**Your instructions**. Please return every line in the following data that includes the string "Black".

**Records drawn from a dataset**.
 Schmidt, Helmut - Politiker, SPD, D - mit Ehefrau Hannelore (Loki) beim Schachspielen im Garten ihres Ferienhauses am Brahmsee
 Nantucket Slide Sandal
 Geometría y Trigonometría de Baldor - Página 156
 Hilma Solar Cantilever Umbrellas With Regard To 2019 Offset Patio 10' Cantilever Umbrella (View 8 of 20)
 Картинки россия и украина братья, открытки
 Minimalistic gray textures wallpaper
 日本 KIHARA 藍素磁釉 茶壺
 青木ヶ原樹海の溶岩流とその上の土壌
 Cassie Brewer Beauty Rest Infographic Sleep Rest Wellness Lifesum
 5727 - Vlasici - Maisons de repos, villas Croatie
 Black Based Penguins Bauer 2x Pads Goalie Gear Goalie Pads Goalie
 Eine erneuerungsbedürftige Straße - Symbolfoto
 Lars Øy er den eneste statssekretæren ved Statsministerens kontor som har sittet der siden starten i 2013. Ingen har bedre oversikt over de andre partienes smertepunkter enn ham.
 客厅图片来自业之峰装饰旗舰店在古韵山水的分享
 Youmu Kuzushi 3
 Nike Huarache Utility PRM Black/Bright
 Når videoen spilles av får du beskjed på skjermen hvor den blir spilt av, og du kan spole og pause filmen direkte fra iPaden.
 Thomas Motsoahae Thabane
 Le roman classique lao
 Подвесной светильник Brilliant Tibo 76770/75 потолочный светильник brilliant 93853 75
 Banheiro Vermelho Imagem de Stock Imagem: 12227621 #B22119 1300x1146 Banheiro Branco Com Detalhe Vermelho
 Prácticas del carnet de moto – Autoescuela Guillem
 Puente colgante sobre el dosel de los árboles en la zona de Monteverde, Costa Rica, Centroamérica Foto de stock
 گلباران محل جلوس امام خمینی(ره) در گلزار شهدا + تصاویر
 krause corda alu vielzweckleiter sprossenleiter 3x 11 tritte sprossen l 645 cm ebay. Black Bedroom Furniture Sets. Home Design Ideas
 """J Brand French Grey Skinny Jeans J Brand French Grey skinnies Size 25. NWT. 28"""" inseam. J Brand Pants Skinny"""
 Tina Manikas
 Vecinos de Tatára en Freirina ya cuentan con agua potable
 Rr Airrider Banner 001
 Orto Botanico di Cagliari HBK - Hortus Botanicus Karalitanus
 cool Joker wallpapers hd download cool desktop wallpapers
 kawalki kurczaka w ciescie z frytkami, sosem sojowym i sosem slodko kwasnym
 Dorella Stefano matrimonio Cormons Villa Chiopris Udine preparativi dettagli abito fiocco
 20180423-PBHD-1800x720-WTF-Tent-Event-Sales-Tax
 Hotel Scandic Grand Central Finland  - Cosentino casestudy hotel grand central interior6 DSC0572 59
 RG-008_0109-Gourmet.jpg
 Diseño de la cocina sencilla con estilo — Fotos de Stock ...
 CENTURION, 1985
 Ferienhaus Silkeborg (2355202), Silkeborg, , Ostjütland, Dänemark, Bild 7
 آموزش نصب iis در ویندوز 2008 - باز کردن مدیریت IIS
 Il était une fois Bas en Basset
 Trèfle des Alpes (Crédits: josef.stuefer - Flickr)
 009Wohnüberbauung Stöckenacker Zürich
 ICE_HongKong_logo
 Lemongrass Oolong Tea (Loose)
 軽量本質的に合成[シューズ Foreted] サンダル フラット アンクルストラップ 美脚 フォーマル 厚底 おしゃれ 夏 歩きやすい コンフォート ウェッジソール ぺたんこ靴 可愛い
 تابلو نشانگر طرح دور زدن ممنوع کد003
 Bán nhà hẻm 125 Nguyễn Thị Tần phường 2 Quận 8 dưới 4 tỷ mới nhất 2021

**Written response**.
 Black Based Penguins Bauer 2x Pads Goalie Gear Goalie Pads Goalie
 Nike Huarache Utility PRM Black/Bright
 krause corda alu vielzweckleiter sprossenleiter 3x 11 tritte sprossen l 645 cm ebay. Black Bedroom Furniture Sets. Home Design Ideas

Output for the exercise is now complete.